<<<<

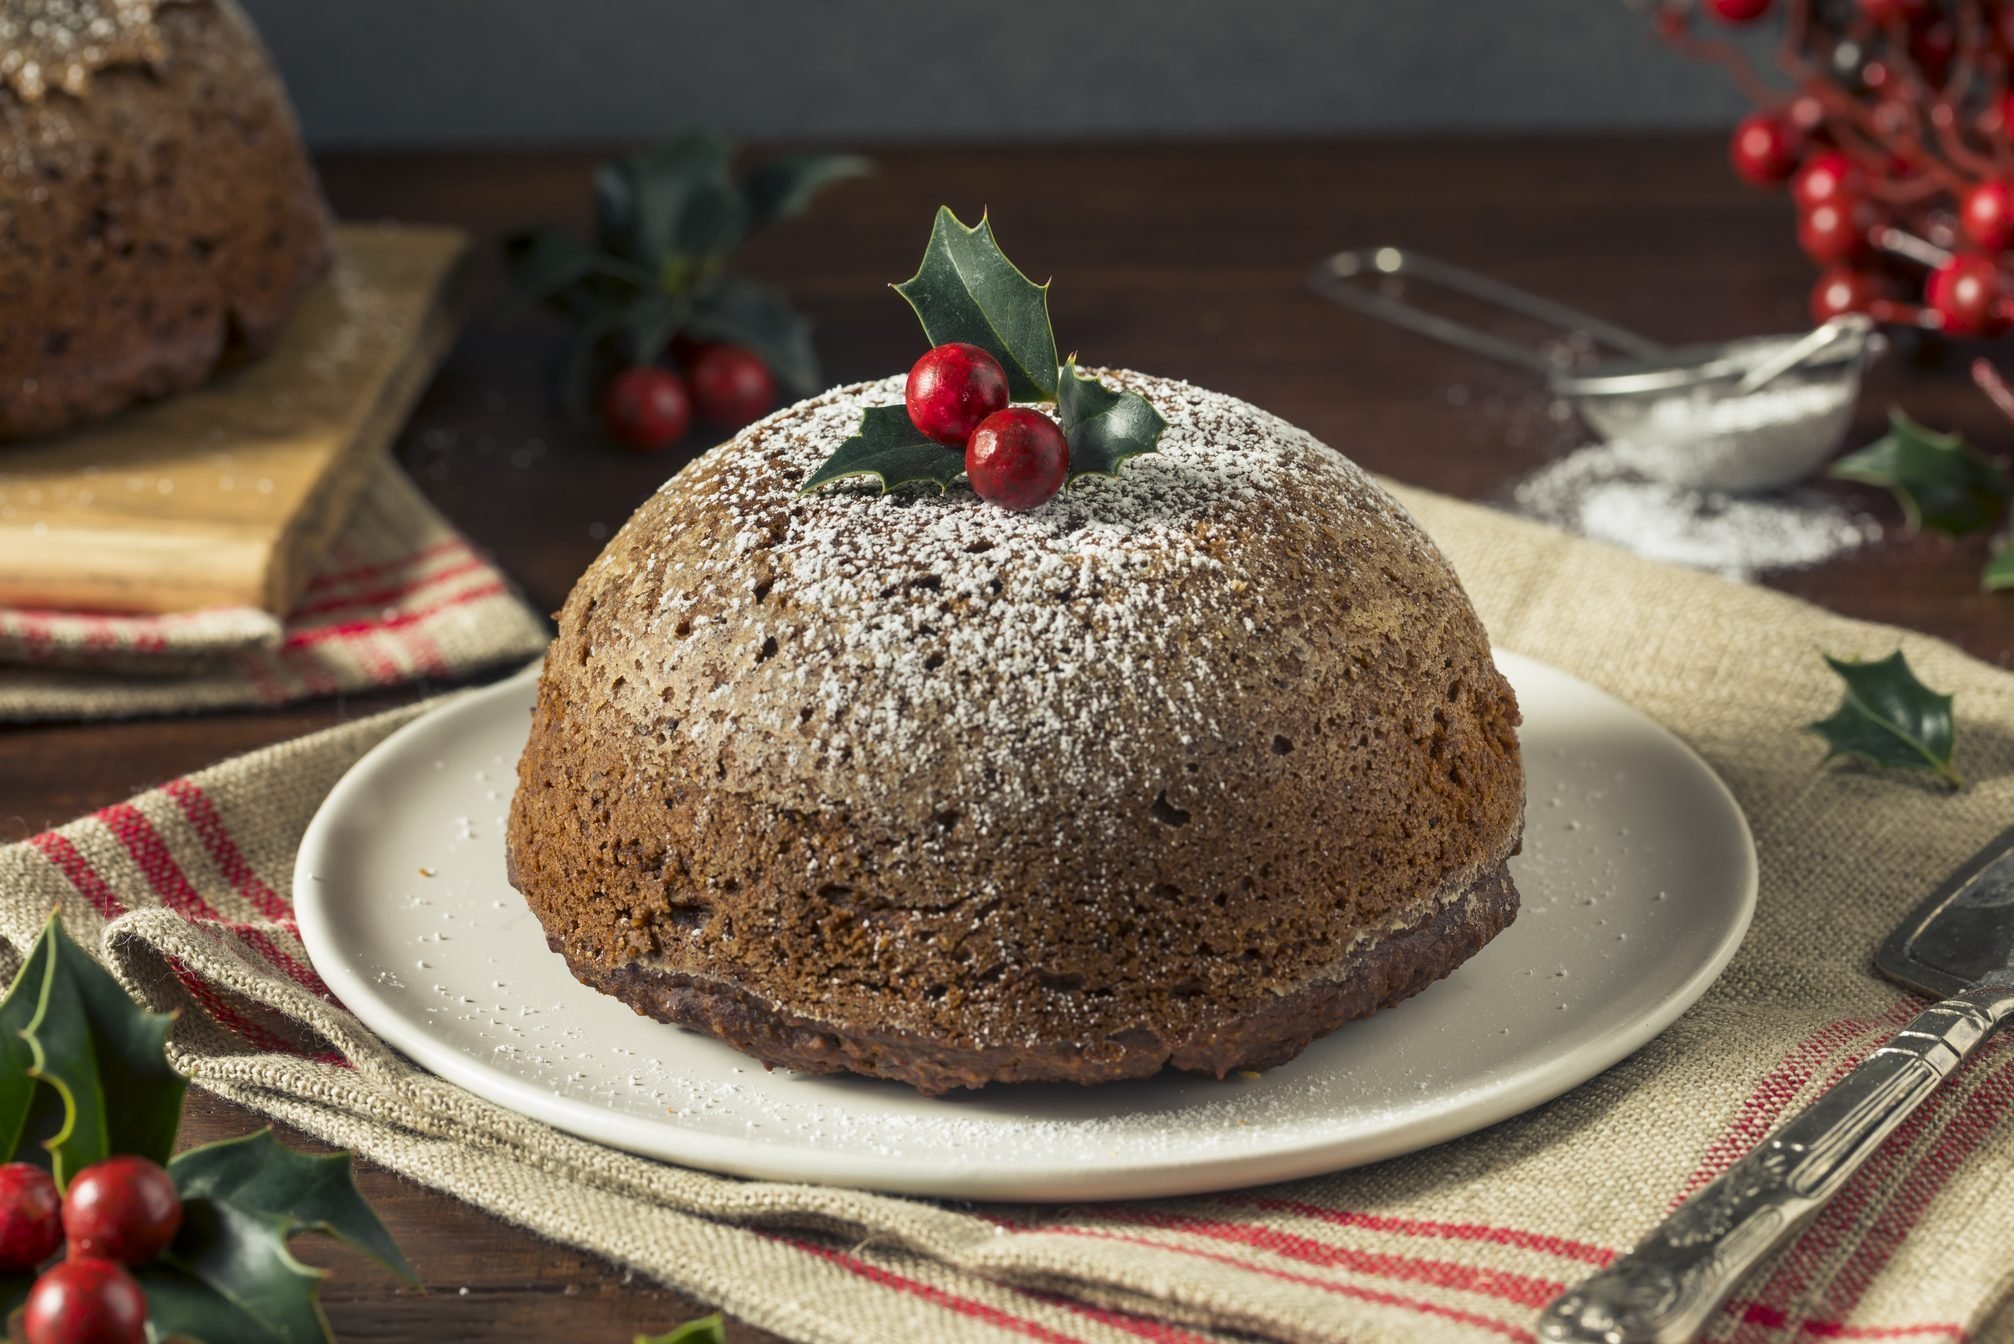 Traditional Christmas Pudding (Figgy Pudding) Recipe
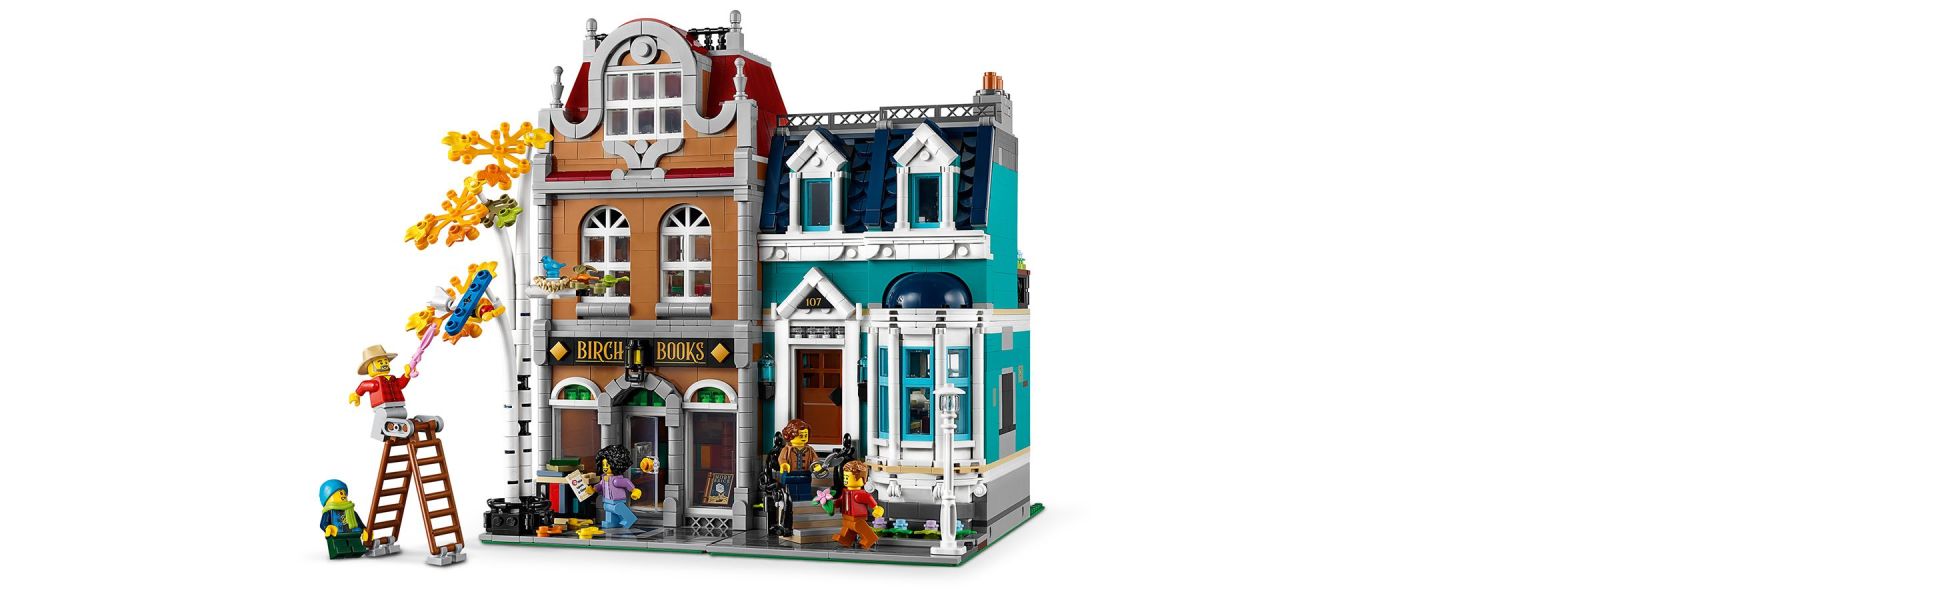 LEGO Creator Expert Bookshop 10270 Modular Building, Home Décor
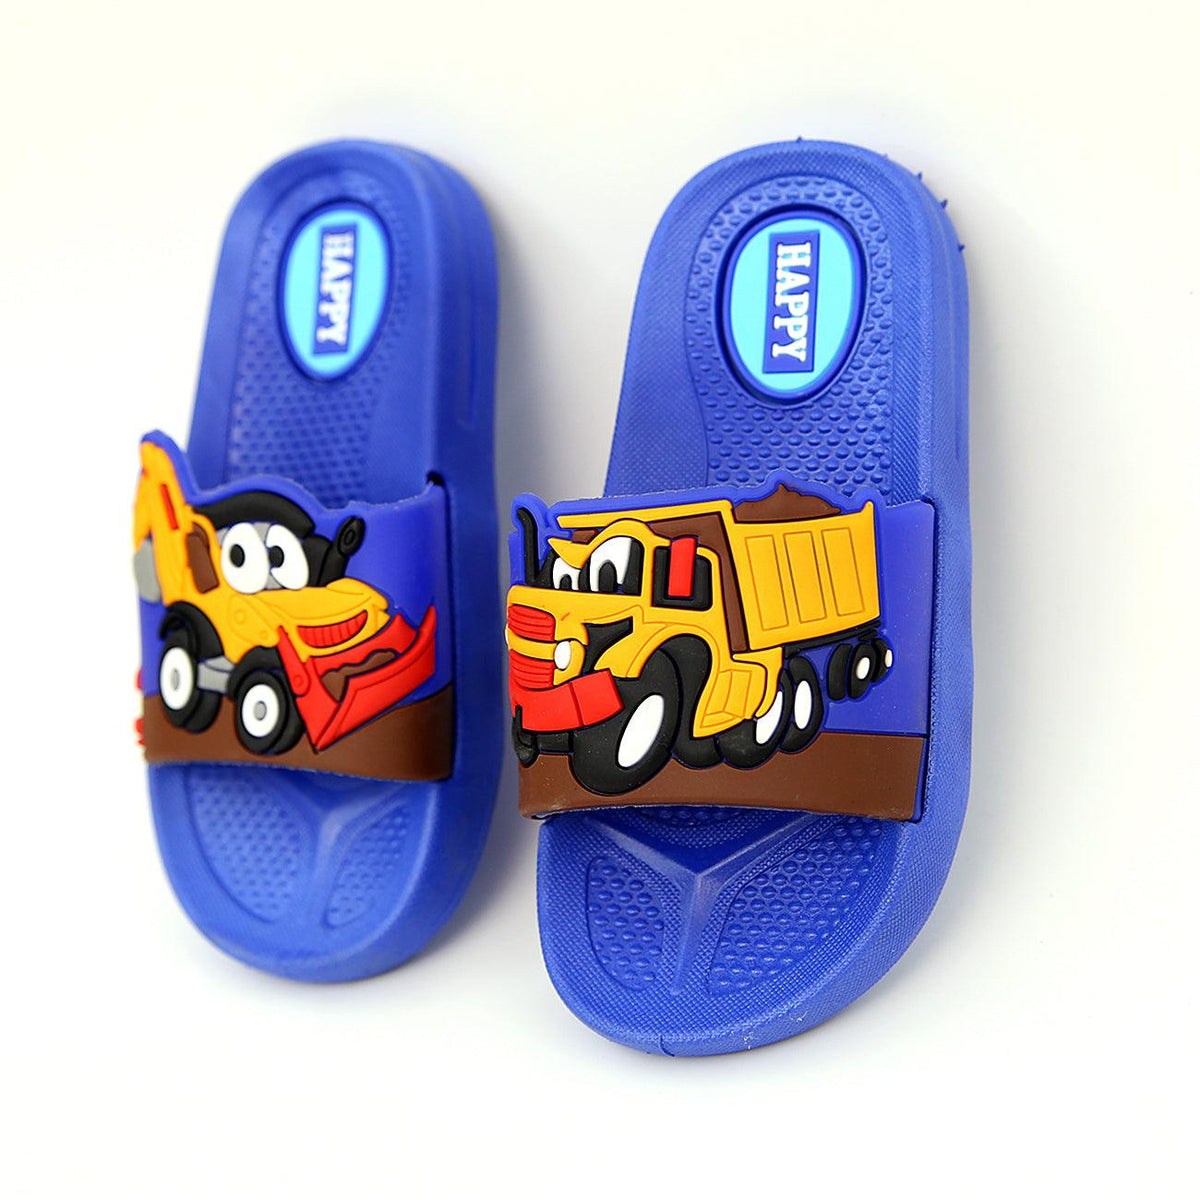 Imported Non Slip Rubber Sole Animated Slipper For Kids - Brands River

>>>>

● Task directions
Restate the material above word for word, omitting the pictures.

● Response for this exercise
 Traditional Christmas Pudding (Figgy Pudding) Recipe
 LEGO Creator Expert Bookshop 10270 Modular Building, Home Décor
 Imported Non Slip Rubber Sole Animated Slipper For Kids - Brands River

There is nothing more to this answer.